# Liqua Traditional Tobacco Alternatives



## Tiffer (24/8/15)

Hi All,
I have been vaping liqua traditional tobacco 18mg for ages. To me it's the closest I have found to analogs. I don't like sweet flavours and it has a nice throat hit.
Just wondering if there are any alternatives I can try that are close to tobacco. Anyone tried the Joyetech tobacco?
I like a 30ml bottle and 12 - 18mg nic.
I use a 30w istick at 9 watts and a nautilus mini.


----------



## Wesley (24/8/15)

I recommend Mike's Mega Mixes Ashybac. No holds barred tobacco flavour.

Reactions: Like 2


----------



## Andre (24/8/15)

I suggest you try MMMs AshyBac. Available here: http://www.vapeclub.co.za/collections/mikes-mega-mixes/products/mikes-mega-mixes-ashybac


----------



## Jan (24/8/15)

Will the high VG work with the nautilus mini?


----------



## Andre (24/8/15)

Jan said:


> Will the high VG work with the nautilus mini?

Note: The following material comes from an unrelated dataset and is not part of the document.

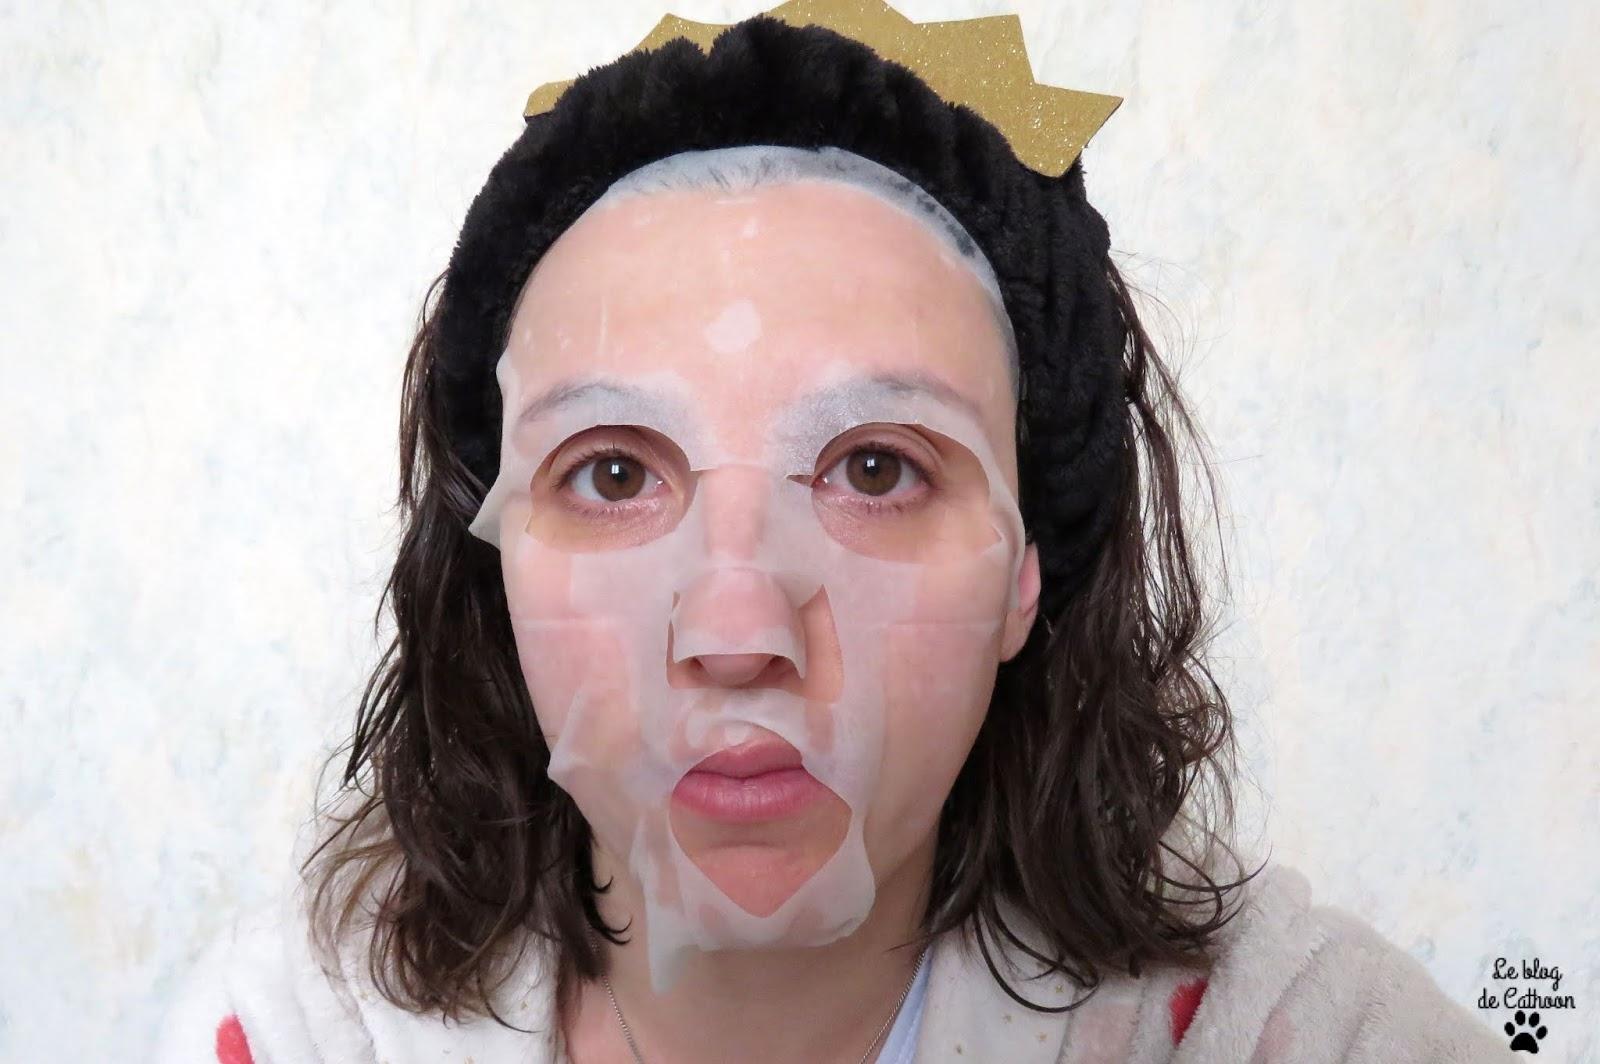 Masque Visage en Tissu Anti-Imperfection - Thé Vert - Loua By Laurence Dumont

If I remember correctly, MMM's juices are 70VG/30PG, which should be fine on the Nautilus Mini.

Reactions: Informative 1


----------



## Tiffer (24/8/15)

Sounds good will give it a try!


----------



## Mo Khan (24/8/15)

Wish this did not contain Alcohol


----------



## Tiffer (24/8/15)

Would you even notice an effect from the alcohol?


----------



## Jan (24/8/15)

Tiffer said:


> Would you even notice an effect from the alcohol?



Certain religions prohibit the consumption of alcohol in any form.


----------